The requirements for refractory materials in lead smelting are relatively complex. They must have sufficient high temperature resistance and certain high-temperature mechanical strength. At the same time, they must have good resistance to slag erosion and resistance to slag and flue gas scouring. Therefore, the selection of refractory materials in the furnace is very strict. Therefore, magnesia-chrome bricks are mainly selected in its high-temperature working area. The selection of refractory materials in the working area (furnace wall and furnace top) in the furnace chamber of the lead smelting furnace is divided into two areas, one is the magnesia-chrome bricks in the molten pool area (especially the slag line area), and the other is the magnesia-chrome bricks in the meteorological area.

01 Molten pool area in the furnace

The refractory bricks in the molten pool area (especially the slag line area) will be corroded and washed by the slag. The composition of lead smelting slag is relatively complex, and high-aluminum refractory materials will participate in the slag-making reaction. Therefore, it is inappropriate to use high-aluminum refractory bricks. Magnesia-chrome refractory bricks should be used. At the same time, considering the slag corrosion and scouring resistance of refractory bricks, electric melting recombination magnesia-chrome bricks should be used. Bricks of this material are better than semi-recombined magnesia-chrome bricks in slag corrosion resistance. Increasing the content of Cr2O3 can improve the slag corrosion resistance of bricks, so try to choose magnesia-chrome bricks with a higher Cr2O3 content.

02 Meteorological zone in the furnace

The refractory bricks in the meteorological zone will not be corroded by slag, but only by a small amount of splashing erosion from the molten edge and scouring of dusty flue gas.

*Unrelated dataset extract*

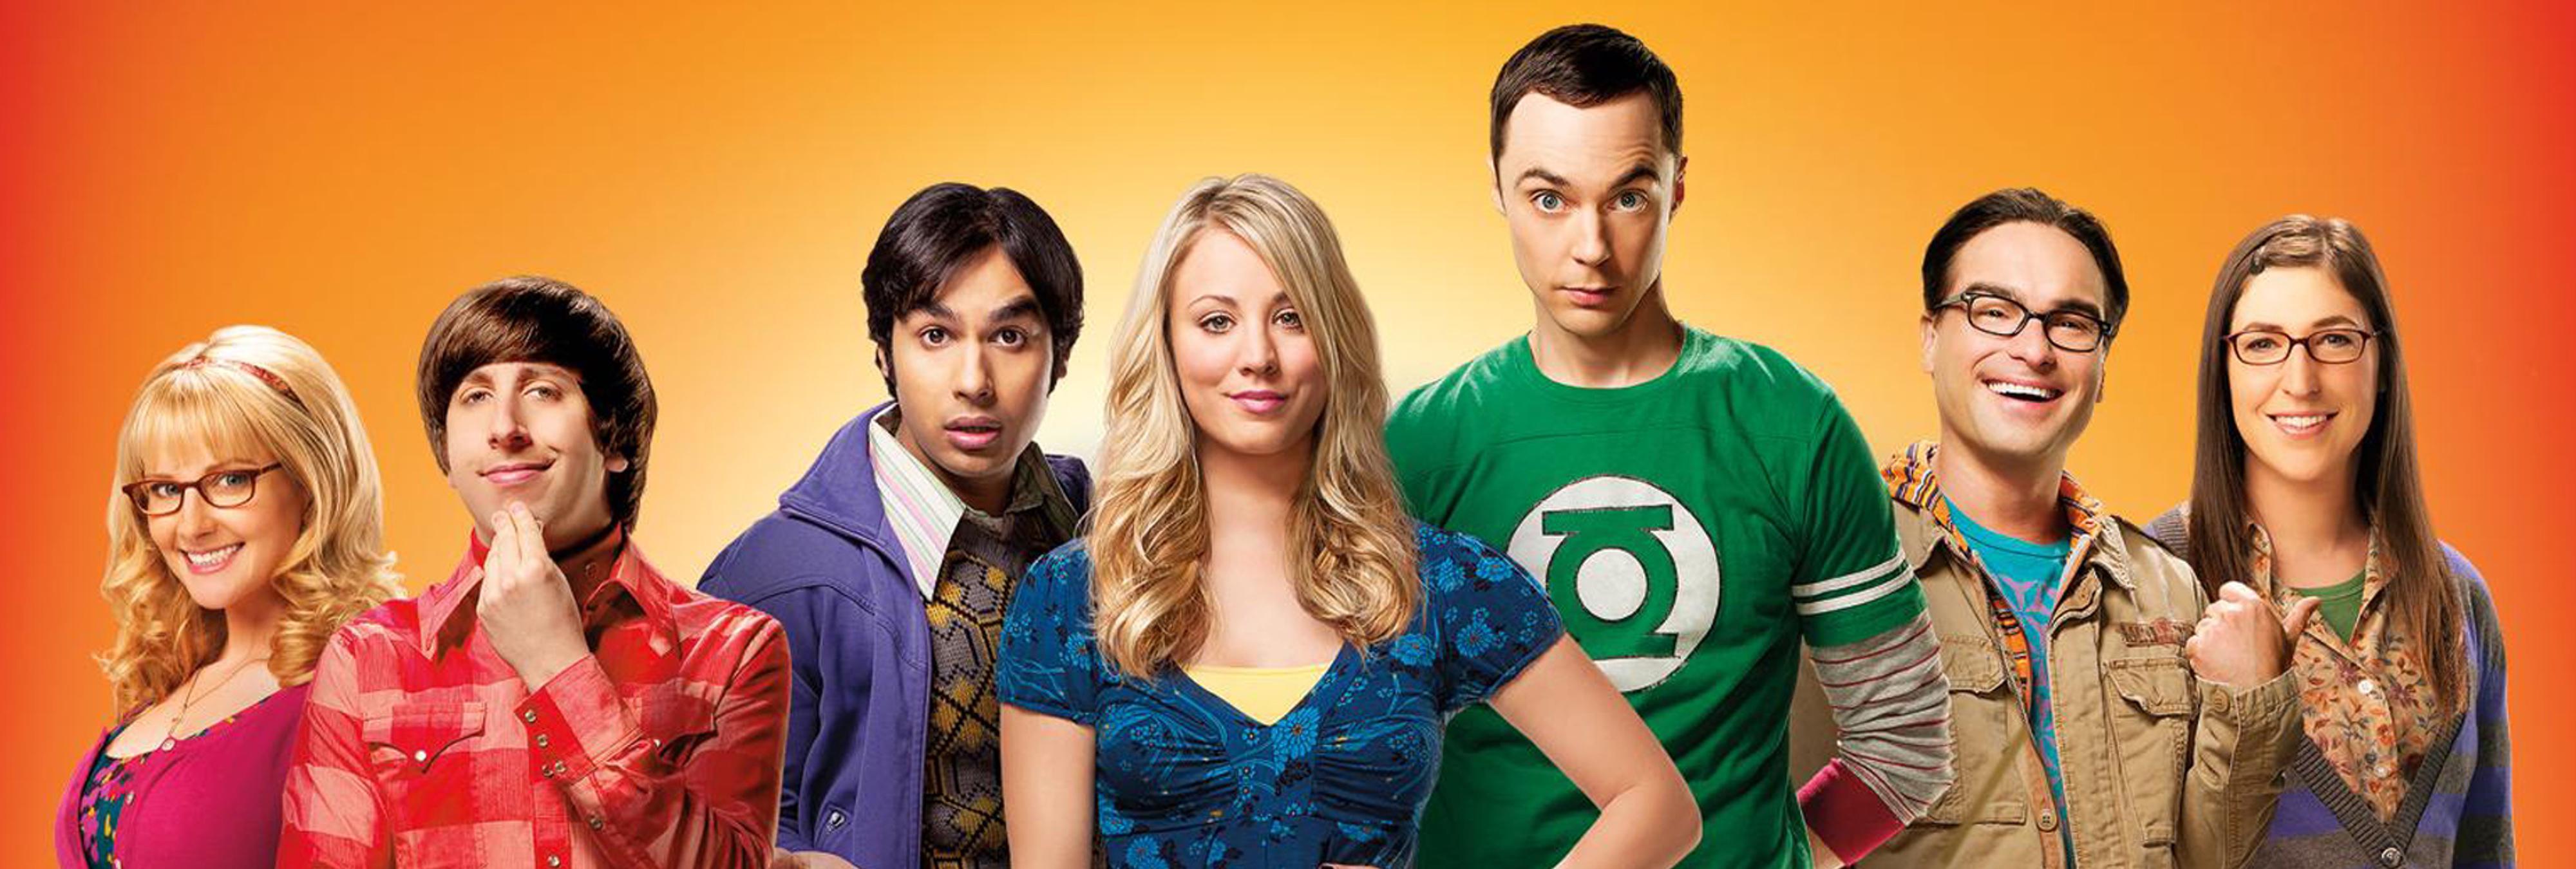 Los actores de 'The Big Bang Theory' se bajan el sueldo para compartirlo con su equipo

Therefore, magnesia-chrome bricks with a lower Cr2O3 content can be selected.

The magnesia-chrome bricks used in the lead reduction furnace of a domestic factory used direct-bonded magnesia-chrome bricks with a high content of Cr2O3 in the early stage of production. The magnesia-chrome bricks in the meteorological zone had no metal and slag on the surface, the bricks were broken into two sections, and the structure was loose. According to the analysis results, it was judged that the Fe3+ and Fe2+ in the refractory bricks were reduced to elemental Fe in large quantities, resulting in a loose brick structure. Therefore, during maintenance, fused re-bonded magnesia-chrome bricks with a low content of Cr2O3 (Cr2O3 containing 12% S) were used. The main reason for this improvement is that the apparent porosity of fused re-bonded magnesia-chrome bricks is low, and at the same time, the content of Fe3+ and Fe2+ in the refractory bricks is reduced, so that it is more suitable for the strong reducing atmosphere in the meteorological zone and prolongs the service life. After switching to this type of fused re-bonded magnesia grid bricks, the service life has been greatly extended and good results have been achieved.

In order to ensure the normal operation of metallurgical furnaces, ensure a reasonable furnace life, and enable enterprises to obtain economic benefits, correct and reasonable refractory design is also necessary, including structural design, expansion calculation, and masonry heating and baking, which all affect the normal use of refractory materials. Therefore, on the basis of existing development, it is necessary to further study and improve the erosion resistance, slag erosion resistance, stress analysis, baking system and other aspects of refractory materials. It requires the joint efforts of refractory suppliers, design units and users in many aspects to achieve better application effects of refractory materials.